**WORK TO COMPLETE**. Below are some records. Return exactly their lines from the one containing "Purple and blue" through the one containing "Measures - 9", and drop the pictures.

** EXERCISE MATERIALS follows **

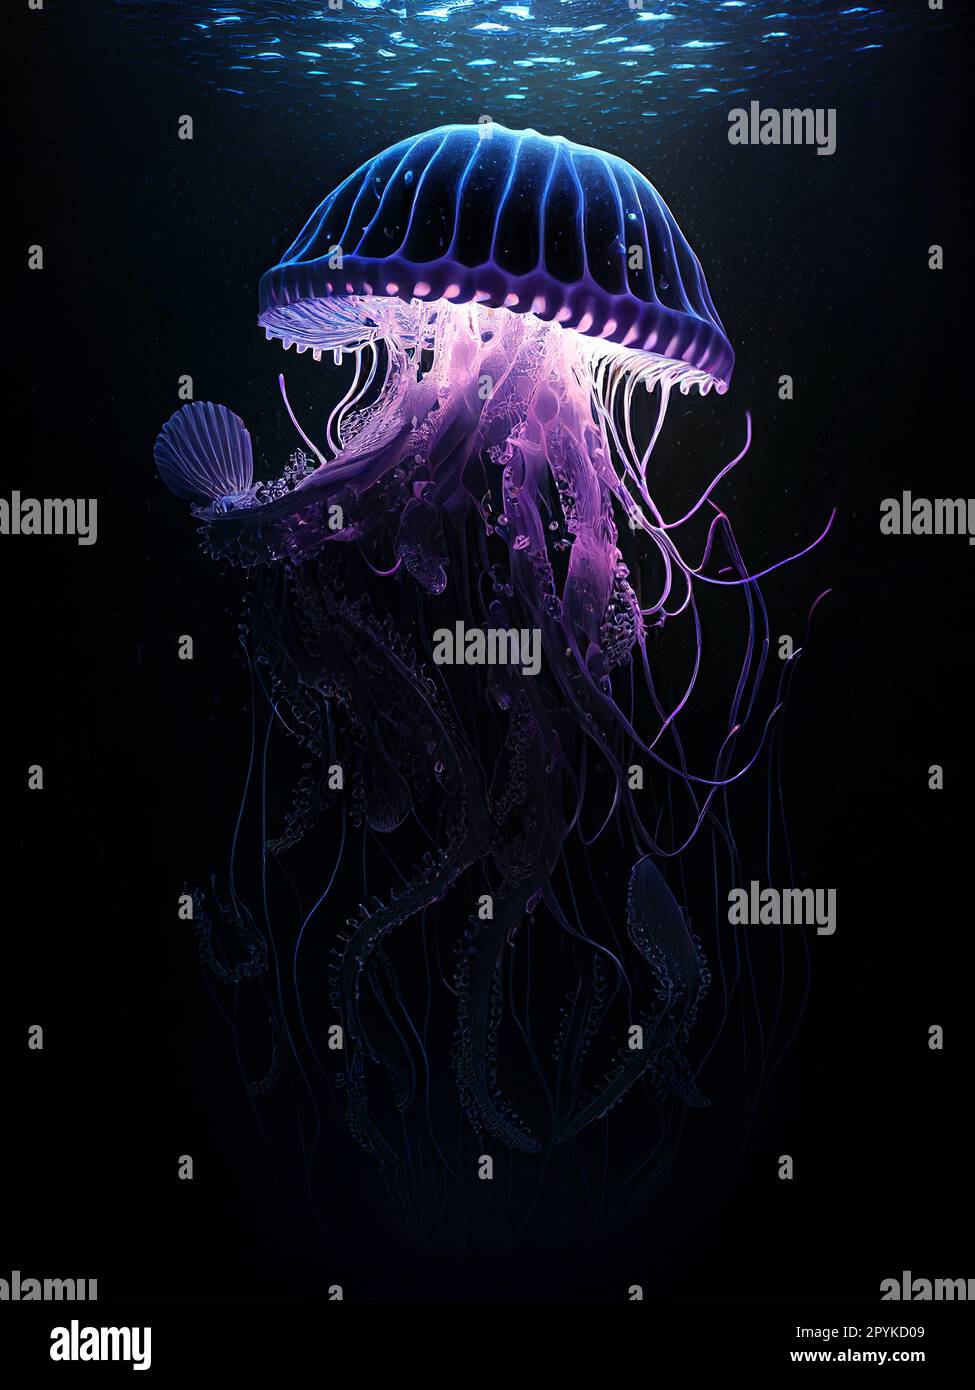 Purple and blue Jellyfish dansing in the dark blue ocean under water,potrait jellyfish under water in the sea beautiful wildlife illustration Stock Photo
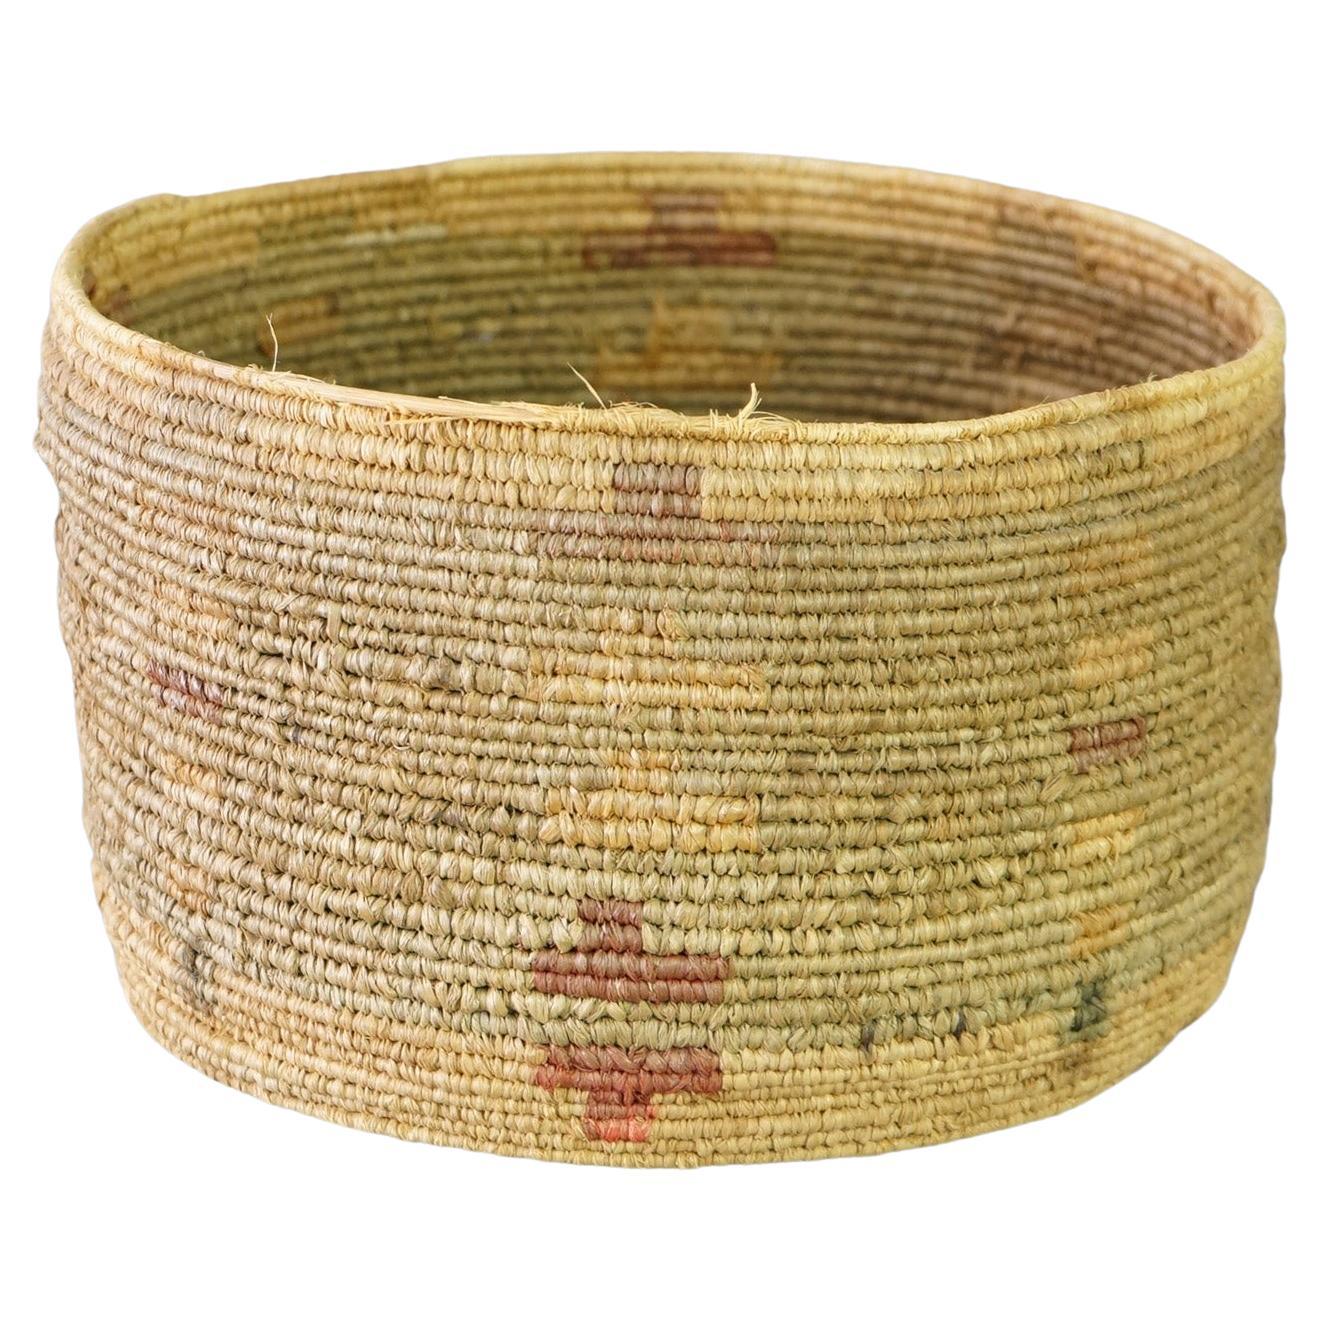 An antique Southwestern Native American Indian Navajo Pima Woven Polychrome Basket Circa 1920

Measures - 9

** End of EXERCISE MATERIALS **
** EXERCISE MATERIALS follows **

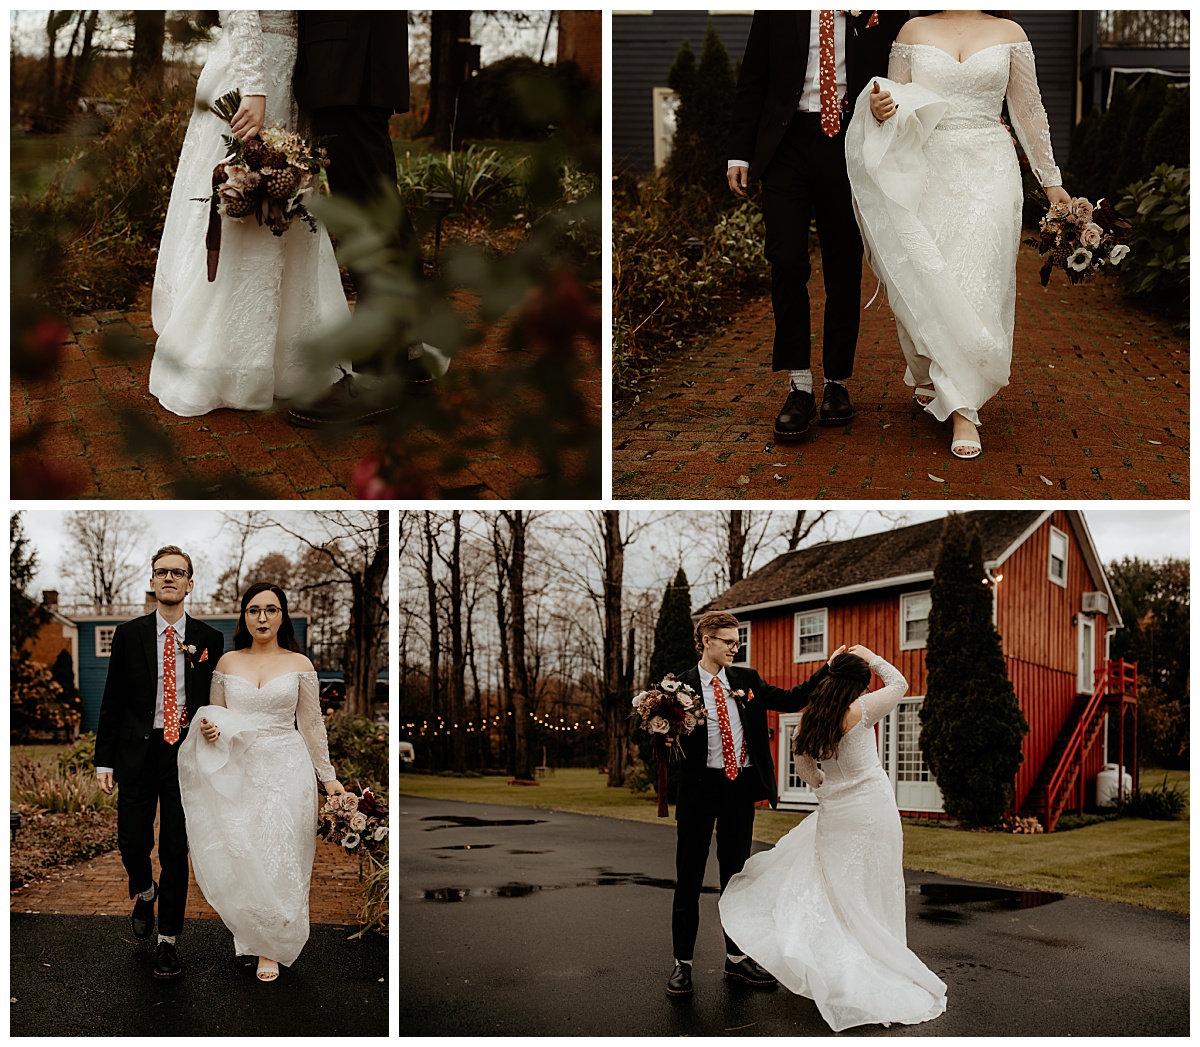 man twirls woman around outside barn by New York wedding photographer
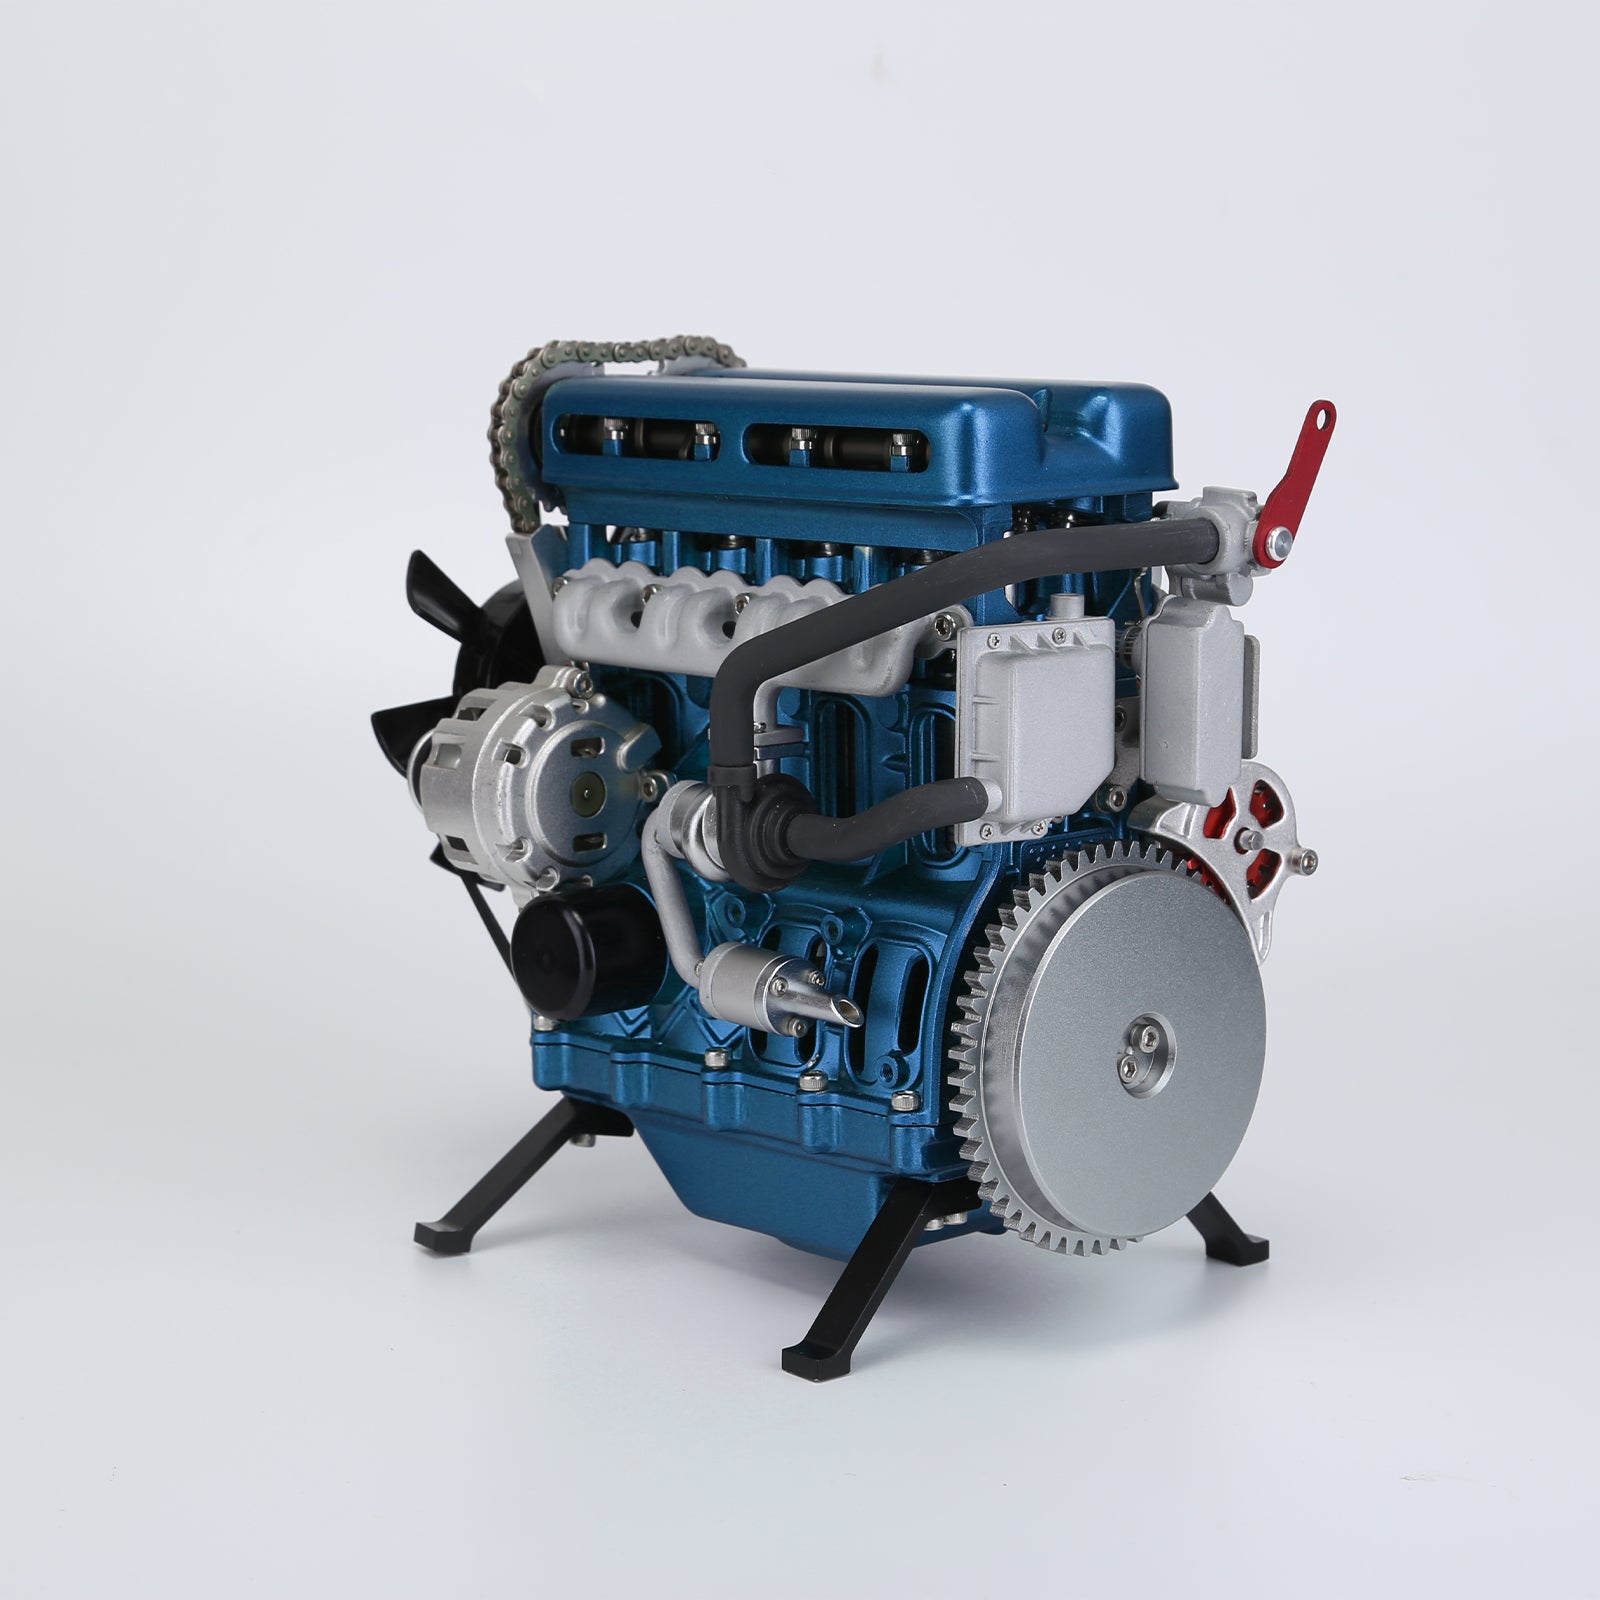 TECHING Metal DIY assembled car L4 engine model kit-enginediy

** End of EXERCISE MATERIALS **

**TASK ANSWER**.
 Purple and blue Jellyfish dansing in the dark blue ocean under water,potrait jellyfish under water in the sea beautiful wildlife illustration Stock Photo
 An antique Southwestern Native American Indian Navajo Pima Woven Polychrome Basket Circa 1920

Measures - 9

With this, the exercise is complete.